As you probably know, TensorFlow is an open-source library for machine learning and deep learning. The main API is in Python, and you have some additional support for languages like Java, for example. It came out a little more than four years ago, and the first version, called TensorFlow 1.x, has been extremely successful. I recently read a research report from an analyst company called Nucleus, and they're telling us that TensorFlow is used in 74% of deep learning research projects, with PyTorch a distant second at 43%. So TensorFlow is really the number one library out there. Over time, a lot of features have been added to TensorFlow, and TensorFlow 2.0 came out at the end of September. So how is that different from TensorFlow 1.x? I think it's time for the whiteboard.

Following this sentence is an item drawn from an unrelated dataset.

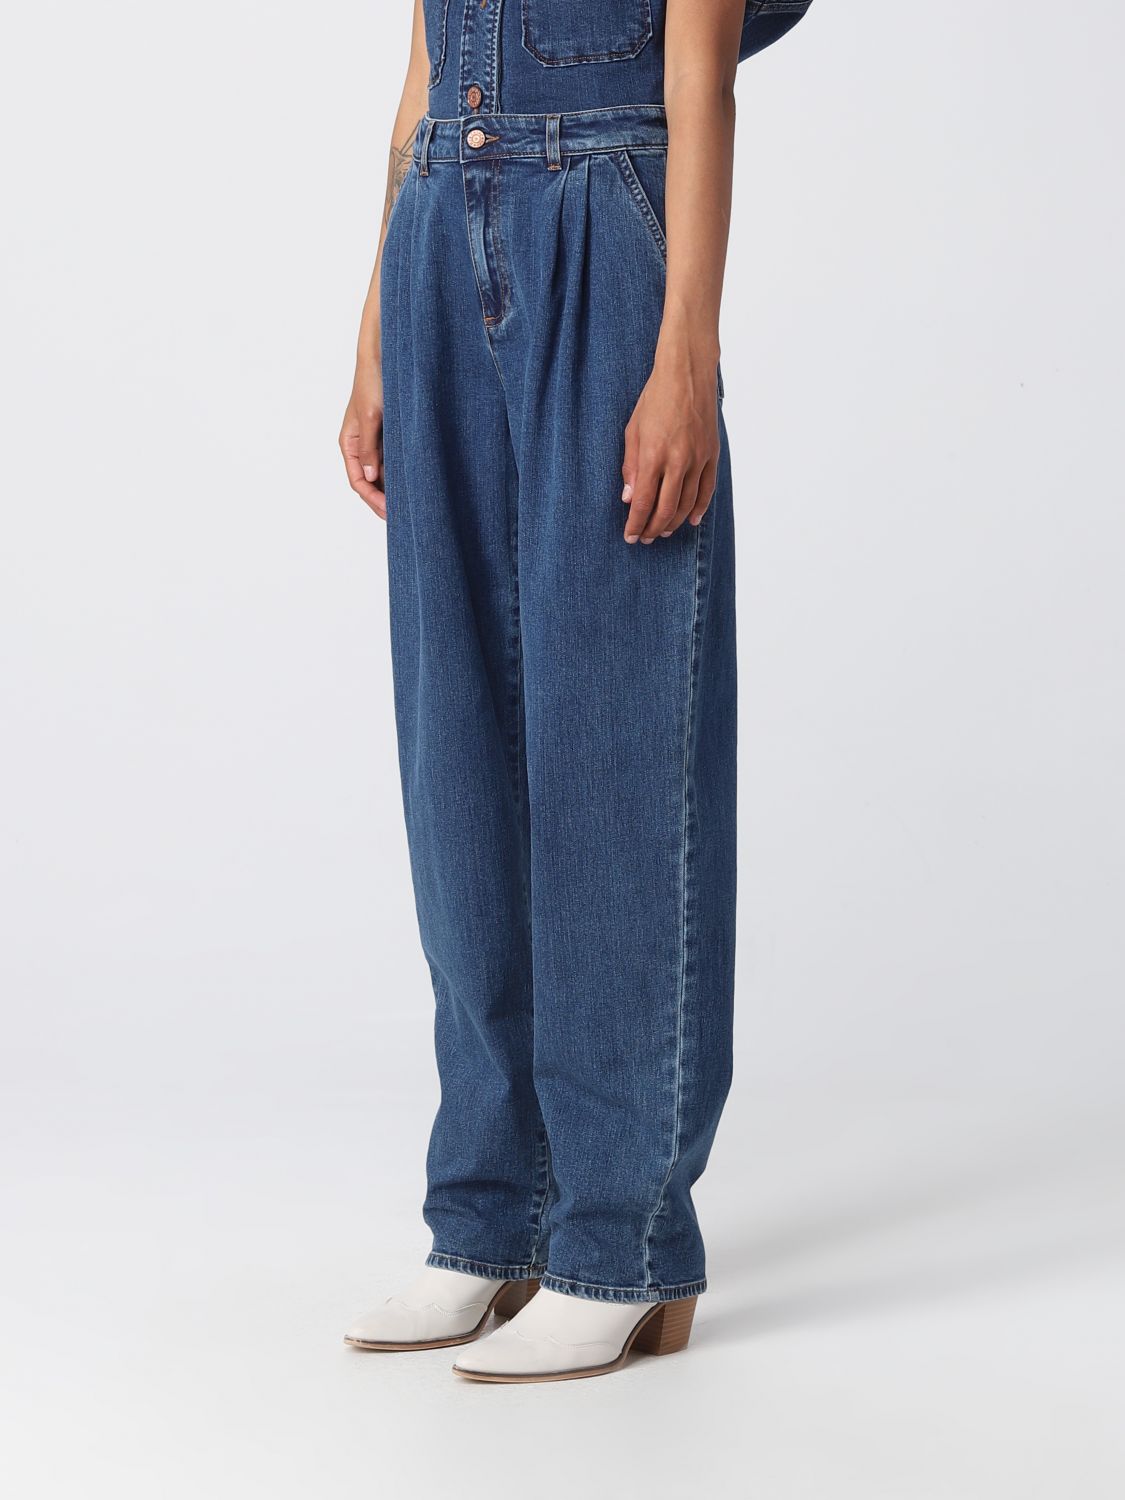 SEE BY CHLOÉ: jeans for woman - Denim | See By Chloé jeans ...

TensorFlow 1.x uses a programming model called symbolic mode. Let me explain. Here we go. So let's say we're trying to compute A multiplied by B plus C. Of course, these are not integers or floating points; these are matrices because when you're working with machine learning or deep learning, you're working with matrices, multi-array, multi-dimensional arrays. The fancy word for these is tensors, which is why this library is called TensorFlow. Anyway, let's not get bogged down in vocabulary. When you're working with symbolic programming, you first define the execution graph. So we would need two variables, A and B, a multiplication operator, variables, operators, and we would need a third variable C, and an addition, a plus operator. We would combine them in a graph just like this: A and B feed into the multiplication operator, and then feed the result of that, and C, to the plus operator, and that would give us our results.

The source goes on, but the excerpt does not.